Would you restate the full listing word for word and omit its pictures?

[Information shown]

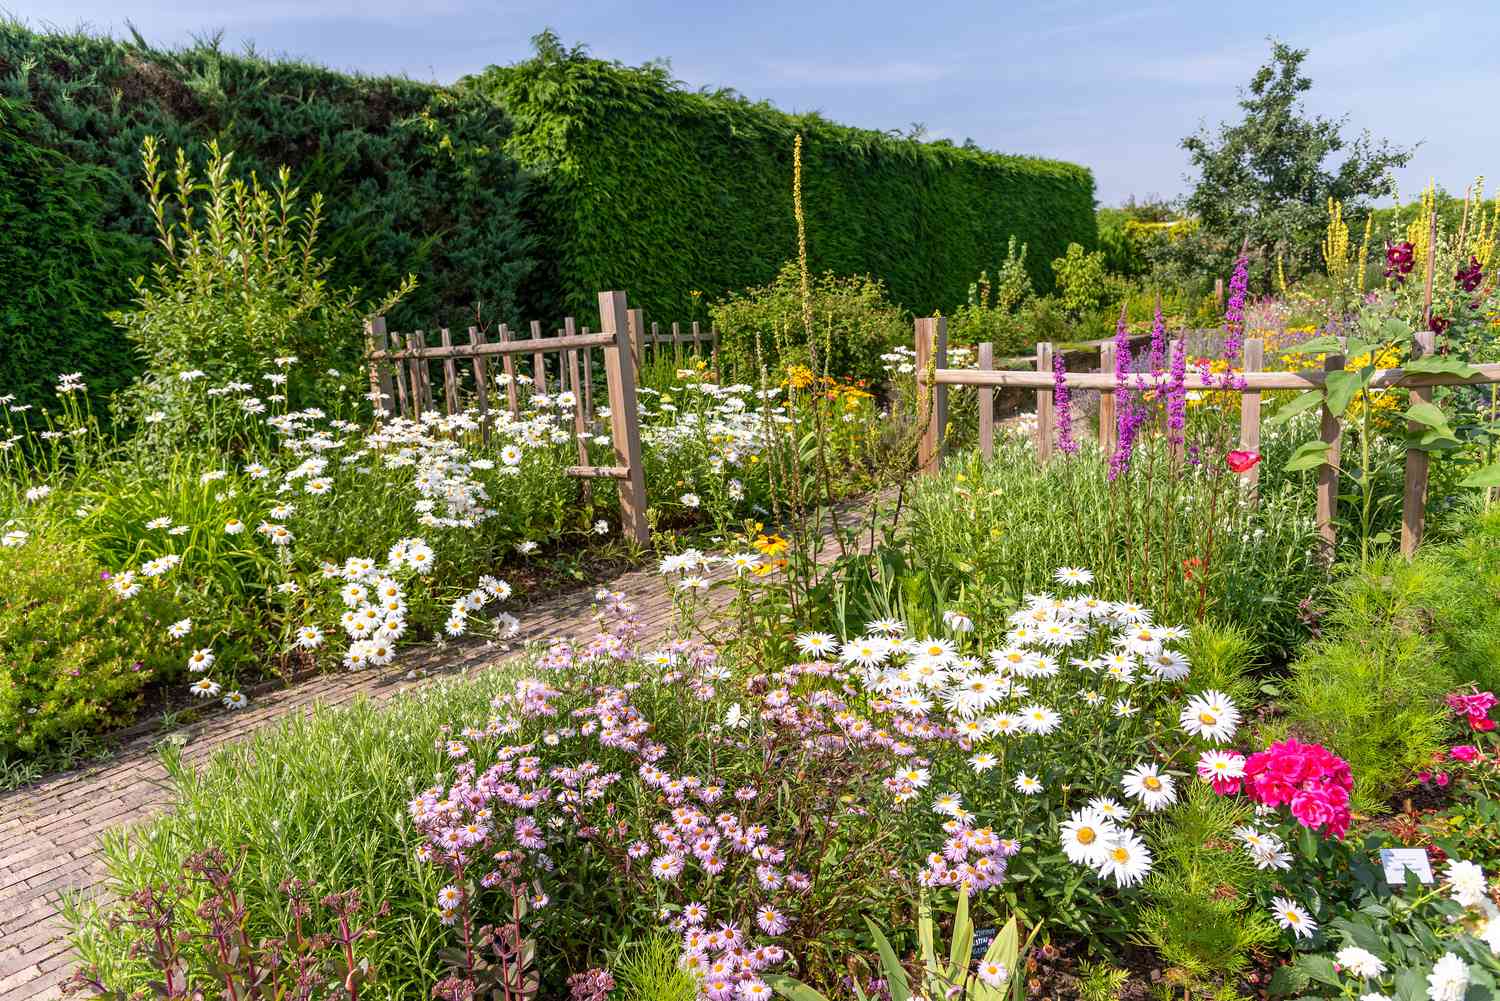 The Ultimate Guide To Successfully Planting A Wildflower Garden From Seed
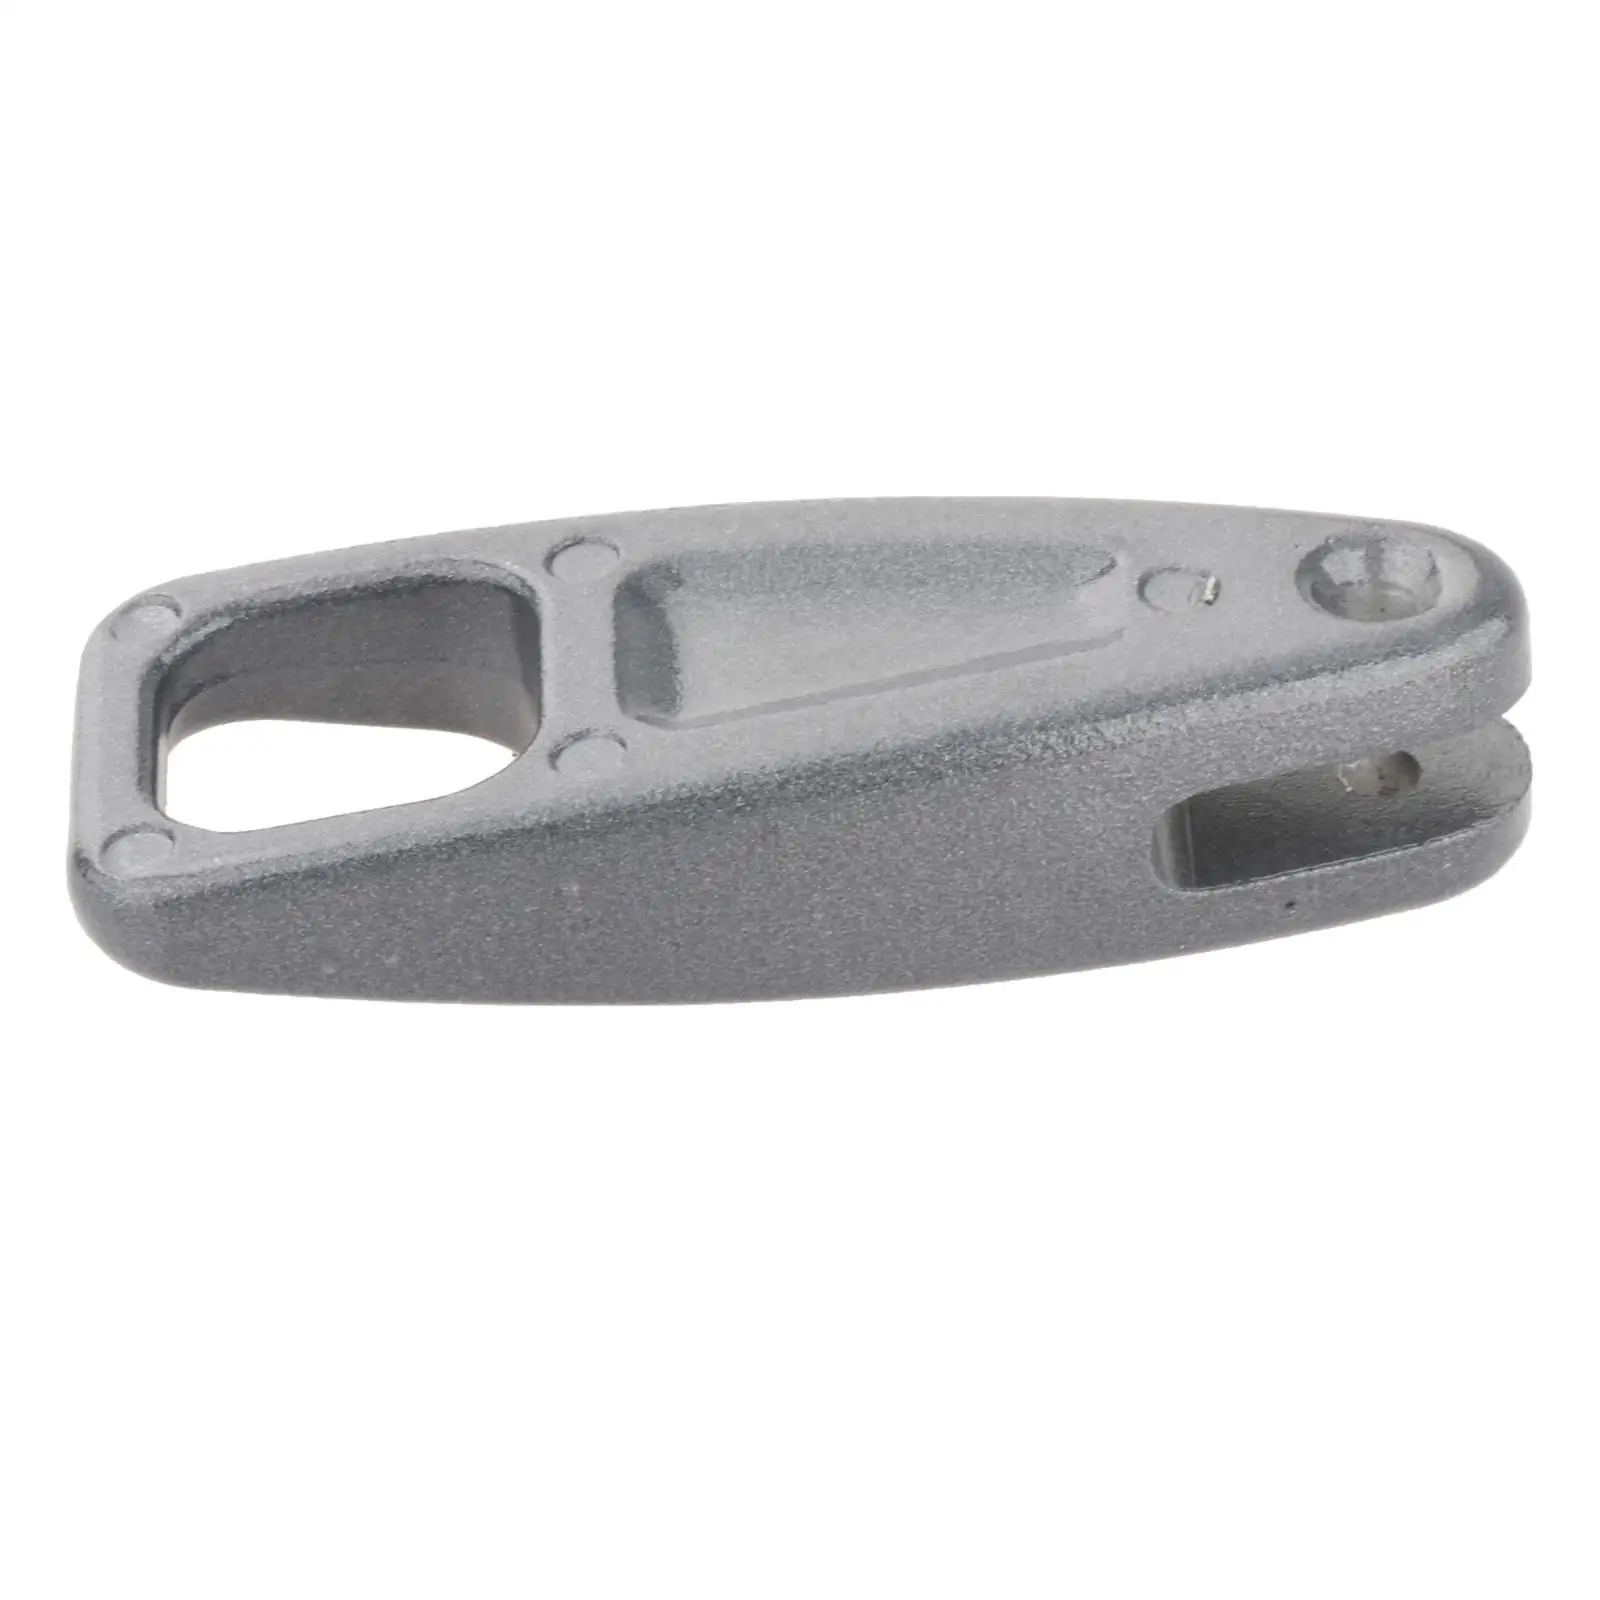 Handle Transom Clamp for HDX 663-43118-01-4D
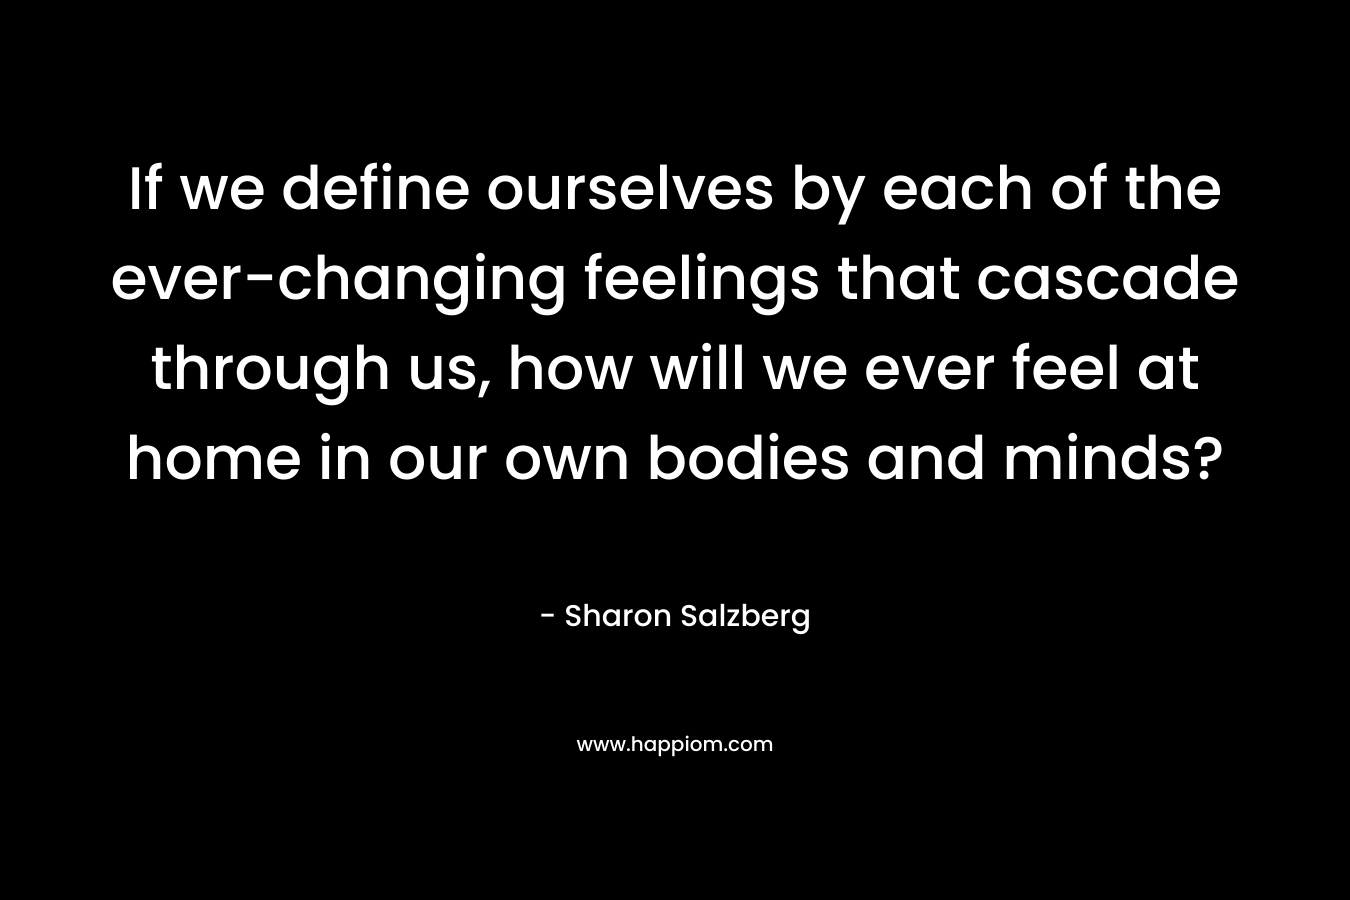 If we define ourselves by each of the ever-changing feelings that cascade through us, how will we ever feel at home in our own bodies and minds?

[/Information shown]

Exercise response:
 The Ultimate Guide To Successfully Planting A Wildflower Garden From Seed
 Handle Transom Clamp for HDX 663-43118-01-4D
 If we define ourselves by each of the ever-changing feelings that cascade through us, how will we ever feel at home in our own bodies and minds?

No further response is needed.